Ok, so my adorable 3 month old boy, whom I lovingly refer to as My Little Man (and sometimes he bears the name Stinker for obvious reasons), has completely stolen my heart the moment they cut me open after 1 induction, 2 epidurals, 15 long hours of labor and 1 spinal, and pulled this semi-little/kinda big baby out. Why all that, you ask, only to have a C-section? Simply, because he wasn't going to fit. And that is the kind of love that a mother has for her child. So is my husband right? Is Little Man the new love of my life? It absolutely feels that way.

You see, he may have been a surprise, but was positively a HUGE blessing after some hardships and a lot of prayers. I have a form of thrombosis, a blood-clotting disorder that gets induced by pregnancy. This caused a couple miscarriages for me, which for anyone who has endured one knows how heartwrenching they are. One was with my ex-husband so I took that as a blessing in disguise since I knew the marriage wasn't right anyway. Another was with my current husband before we got married. That one was extremely difficult for me to deal with because I still wasn't sure why it had happened. It was a blighted ovum and started to grow but then suddenly stopped. Of course I began thinking the worst, that I wouldn't be able to carry a child to term, yet I knew that I wanted to have children with this man. My OB at the time offered no support or knowledge. Their response was, "there is nothing you can do". Well, that answer has never sat well with me. So I started my own research based on my family's medical history and guessed that I should be tested for a few possible causes. I should also mention that I haven't used birth control in almost a decade due to various side effects. So it worried me that I only got pregnant twice during that time.

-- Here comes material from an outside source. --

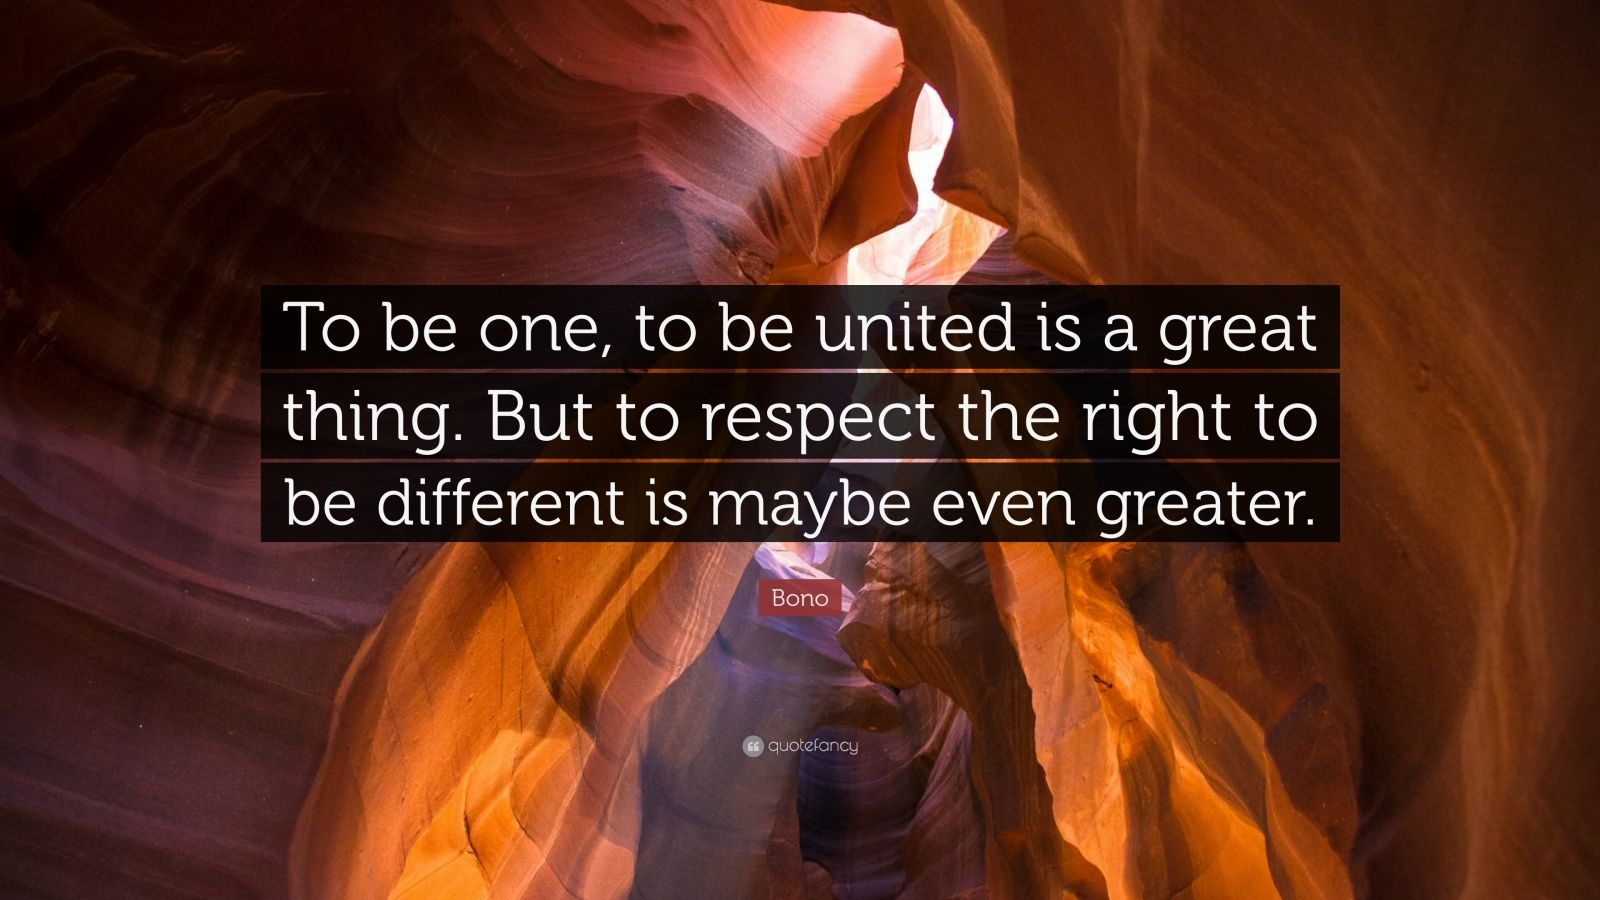 Bono Quote: “To be one, to be united is a great thing. But to respect

Eventually I moved passed the difficult period and suddenly I was pregnant - again. I couldn't believe it! How did this happen... Oh yeah, I remember. Then the anxiety set in - and we were both not investing too much happiness into it. It's very sad when something wonderful happens and you can't let yourself celebrate it because you fear it will be taken away from you. When I went to my OB again, they actually said to me that they were not going to do an ultrasound until 12 weeks because they weren't sure what was going to happen to me. WTF?!! Are these medical people f-in crazy? They either were too stupid to know that my miscarriages could have been preventable or they were just the most negative group in the city.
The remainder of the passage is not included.